When Appearance Is Part of the Product
In bakery and confectionery, the ingredient is often the finish. The sesame seeds on a burger bun, the white coating on a tahini sweet, the topping on a flatbread — these are the details that consumers notice, that food photographers frame, and that product developers specify with precision.
For these applications, Natural White Sesame is not sufficient. The hull — the thin outer coat of the natural seed — introduces a slightly bitter edge, a coarser texture, and a less uniform appearance that premium bakery and confectionery products cannot accommodate.
Hulled Sesame Seeds solve all of this. And Gadhiya Group's Hulled Sesame does it to the exact standard that global food manufacturers, artisan bakeries, and confectionery brands require.
Natural vs Hulled: Understanding the Commercial Difference
The decision between natural and hulled sesame is not simply aesthetic. It has functional, flavour, and application implications that determine which format belongs in which product.
| Comparison Factor | Hulled Sesame Seeds | Natural White Sesame |
|---|---|---|
| Outer hull | Removed | Present |
| Colour | Bright white, ivory | Natural tan-white |
| Flavour | Mild, clean, slightly sweet | Slightly bitter, more pronounced |
| Texture | Smooth, soft surface | Slightly coarser |
| Visual appeal on product | Premium — bright white finish | Less clean visual impact |
| Moisture sensitivity | Higher post-hulling — requires controlled storage | More stable |
| Primary use | Bakery topping, confectionery, seasoning | Tahini, oil extraction, general topping |
| Processing step required | Yes — hulling adds value | No |
For any application where the sesame seed is visible on the finished product — and where that visibility is part of the product's appeal — hulled sesame is the correct choice. Gadhiya Group's Hulled Sesame Seeds deliver that clean, bright-white, visually premium result consistently.
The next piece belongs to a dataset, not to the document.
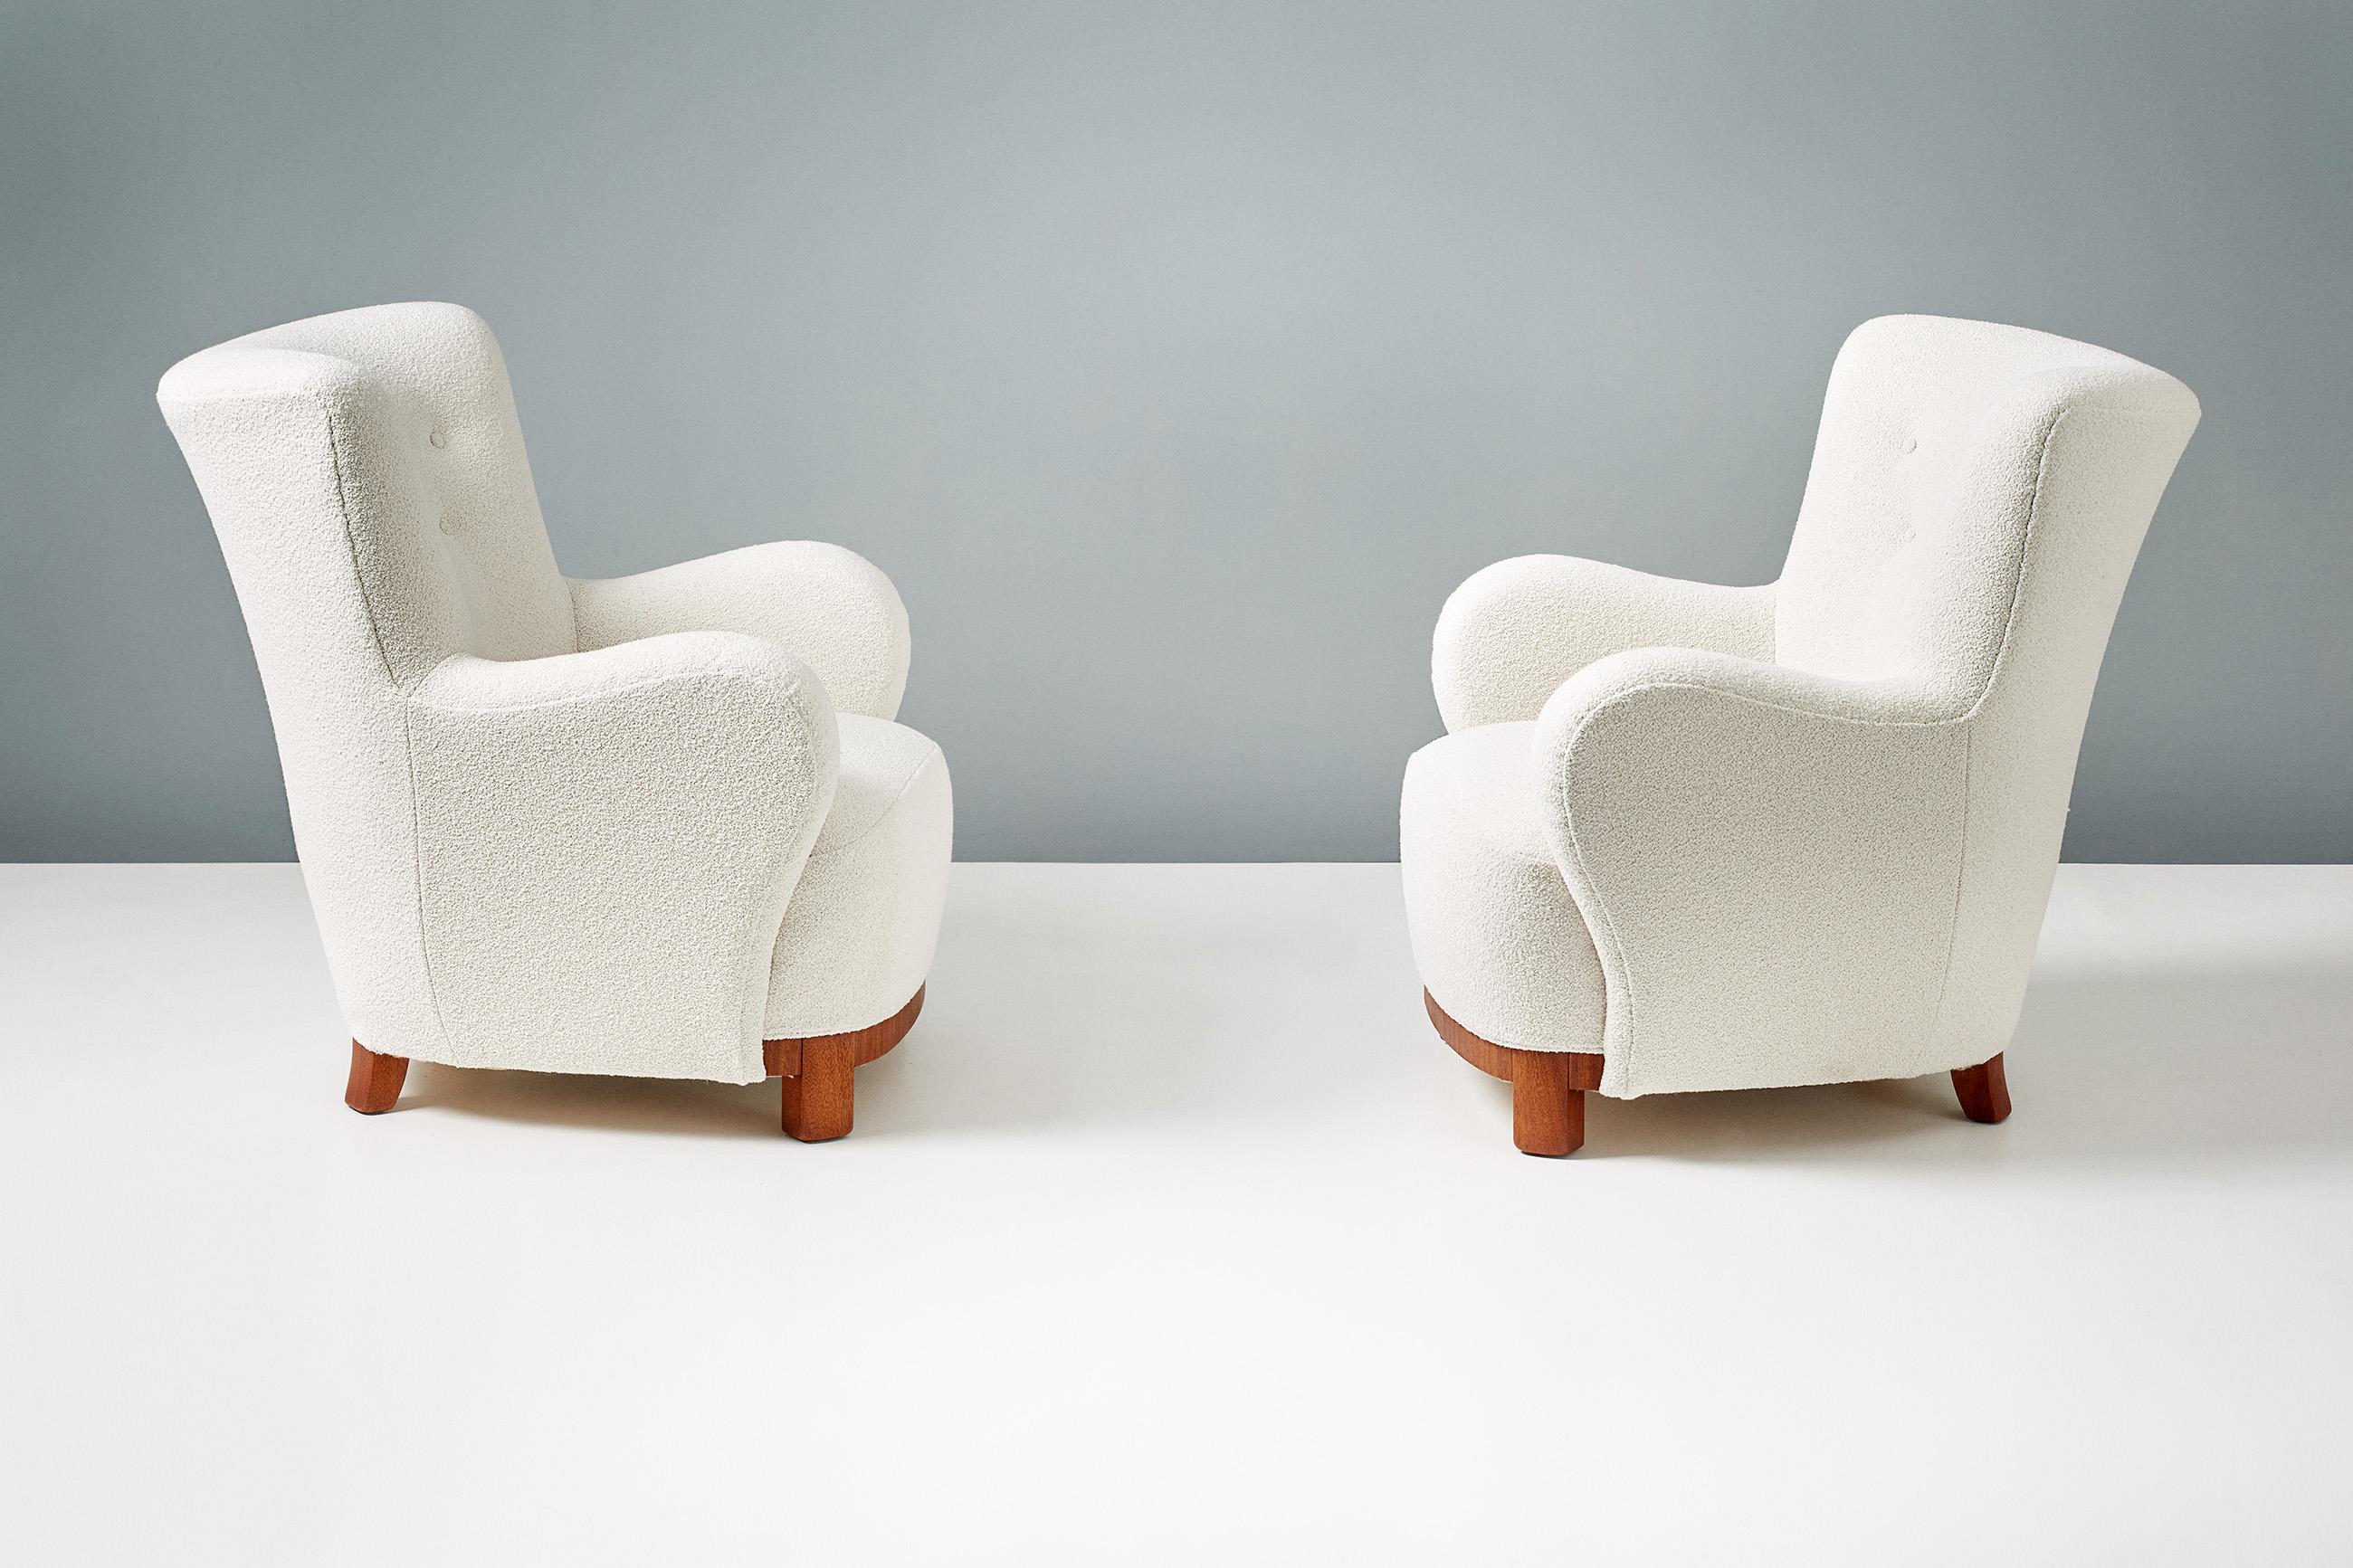 A pair of Danish cabinetmaker 1950s lounge chairs reupholstered in luxurious cotton-wool blend off-white bouclé fabric from Chase Erwin in England. The legs and based are made of African Mahogany. 

Each chair has been fully reconditioned in our

The Hulling Process: Precision Over Speed
Hulling sesame requires removing the outer seed coat without damaging the kernel inside. Done incorrectly, it produces broken seeds, excessive moisture uptake, and a product that deteriorates faster in storage. Done well, it delivers a bright, intact, uniformly white kernel with the mild flavour and clean surface that bakery and confectionery applications demand.